No sul de Angola, em diversos bolsões estão os povos khoisan (ou coissã), que formam um grupo à parte dos povos bantu e do restante dos povos africanos. Seu nome é a junção do nome de dois grupos, os Khoi e os San, conhecidos também como bosquímanos ou hotentotes. Acredita-se que os khoisan sejam descendentes dos povos nômades que habitavam a África há milhares de anos atrás, e foram deslocados com a ocupação bantu. As línguas khoisan são únicas, conhecidas como “línguas do clique”, caracterizada por diversos sons inexistentes em outros idiomas, e que tem o som característico de um clique. O filme “Os Deuses devem estar loucos” tem como protagonistas integrantes desse grupo étnico.

Além do português, língua oficial do estado, Angola possui outros 42 idiomas regionais. O país é uma exceção dentro do continente africano, pois a língua europeia vem conquistando cada vez mais espaço no meio cotidiano em detrimento das línguas nacionais, o oposto do que ocorre no restante do continente.

Na literatura, o nome de Agostinho Neto é tradicionalmente citado como exemplo, mas Angola produziu outros importantes escritores, entre eles Pepetela, Luandino Vieira e Viriato da Cruz. A União dos Escritores Angolanos foi um importante grupo entre os anos 70 e 80, ajudando vários autores novos a editarem seus livros.

A música angolana foi importante na composição de vários ritmos em Cuba e no sudeste do Brasil. Dentro do continente africano, porém, demorou a ser editada em discos, destacando-se os artistas dos anos 60 e 70, que desenvolveram o semba, a rumba congolesa e o merengue angolano, utilizando guitarras elétricas e uma percussão intensa.

ECONOMIA

Não obstante as muitas dificuldades resultantes de ser um país em reconstrução (comparativamente a outras economias mais antigas), as Elevadas Taxas de Lucro do Mercado Angolano, foram nos últimos 20 anos e continuarão a ser, o principal factor de atracção de investimentos, ao longo de pelo menos mais uma década.
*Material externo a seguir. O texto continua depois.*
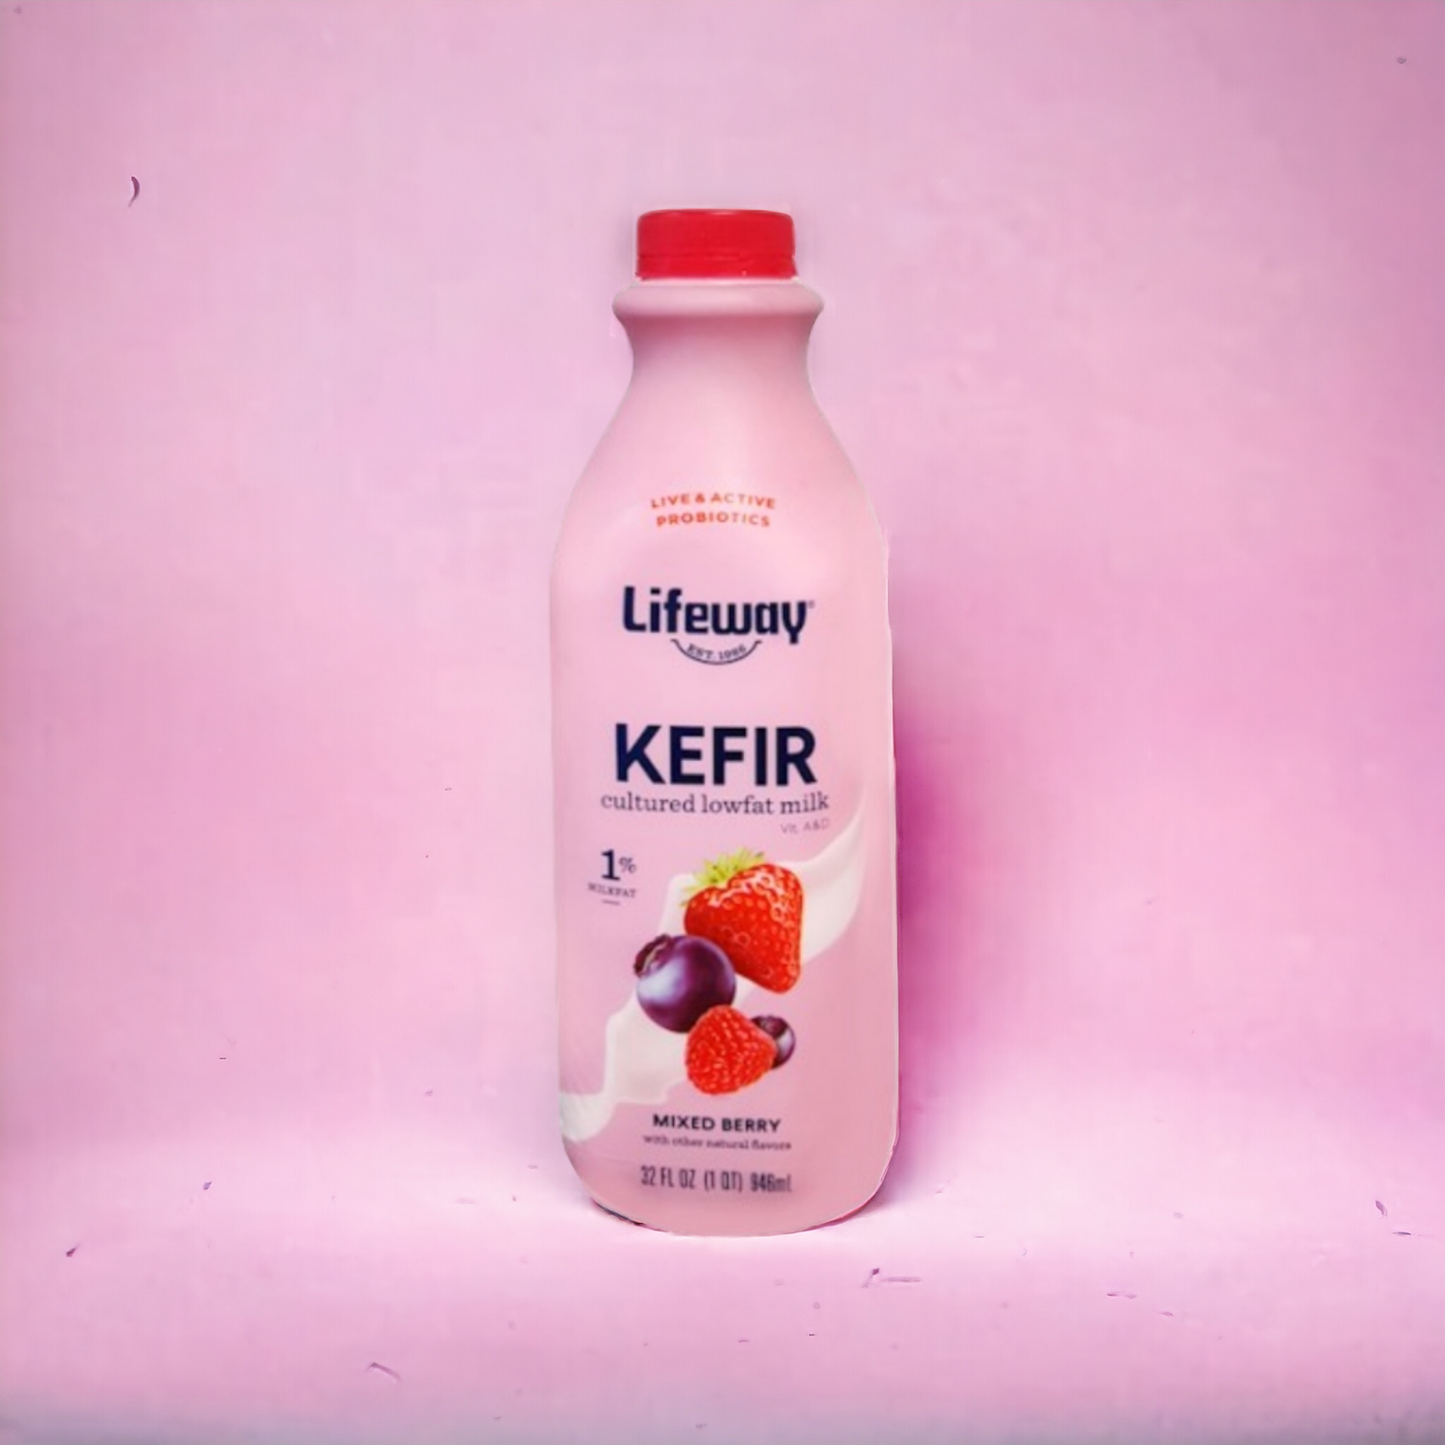 Kefir - Lifeway - Low-Fat Kefir - Mixed Berry - 32oz

África foi em 2014, a região do mundo que mais cresceu em termos de Investimento Directo Estrangeiro, tendo aumentado o número de projectos em 6% e as verbas em 65% para 87 mil milhões de dólares.
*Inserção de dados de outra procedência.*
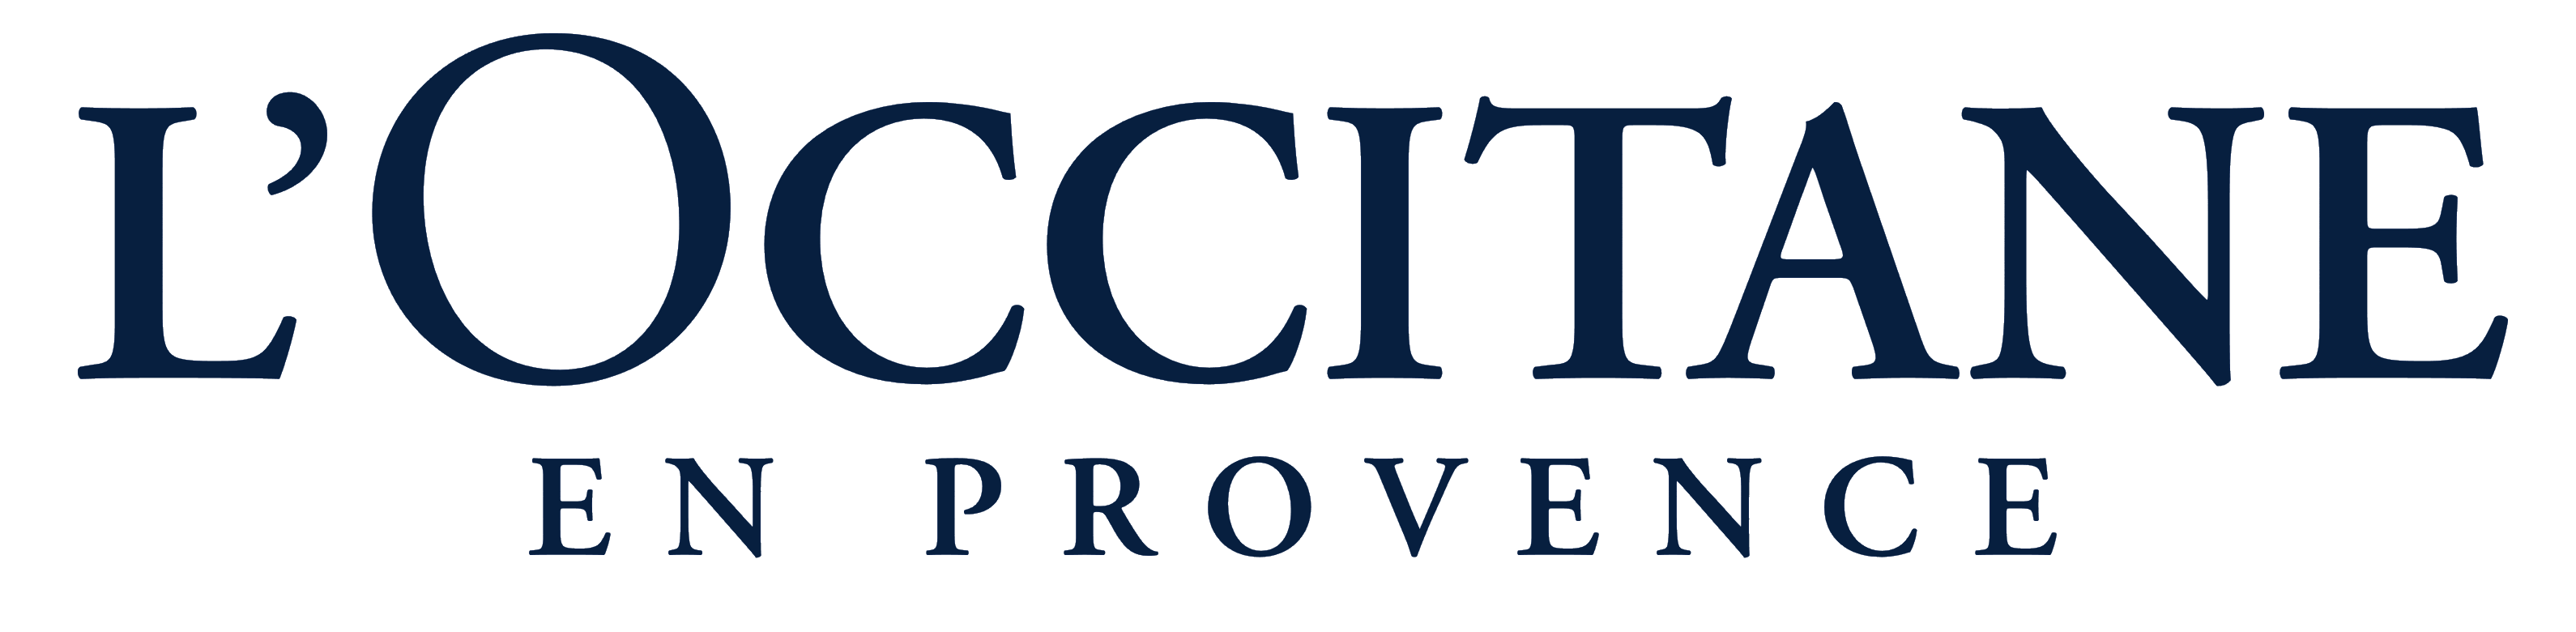 L'Occitane en Provence logo, logotype

Angola foi o segundo maior destinatário africano de Investimento Directo Estrangeiro em 2014, com 16 mil milhões de dólares. Segue-se o Egipto, com 18 mil milhões.

CLIMA

O Clima em Angola tem duas estações: a das chuvas, período mais quente que ocorre entre os meses de Setembro a Maio, e a do Cacimbo. A do Cacimbo ou Seca é menos quente e vai de Maio a Setembro.

O país possui uma situação geográfica peculiar, por estar na zona intertropical e subtropical do hemisfério Sul, ser próximo ao mar, e pélas especificidades do seu relevo, divide-se em duas regiões climáticas distintas:

A Região Litoral – com humidade relativa média anual de 30% e temperatura média superior aos 23°C;

A Região do Interior, subdividida em Zona Norte, com elevadas quedas pluviométricas e temperaturas altas, zona de Altitude que abrange as regiões planálticas centrais com uma estação Seca de temperaturas baixas e a Zona Sudoeste, semiárida em consequência da proximidade do deserto do Namibe, extensão do deserto do Kalahari, sujeita a grandes massas de ar tropical continental.

As Temperaturas Médias do país são: 27°C máxima e 17°C mínima.

A esta diversidade climática corresponde um potencial turístico representado por um património natural riquíssimo em flora e fauna diversificada, possibilitando a prática de todo tipo de actividades de lazer, hobbies e aventuras.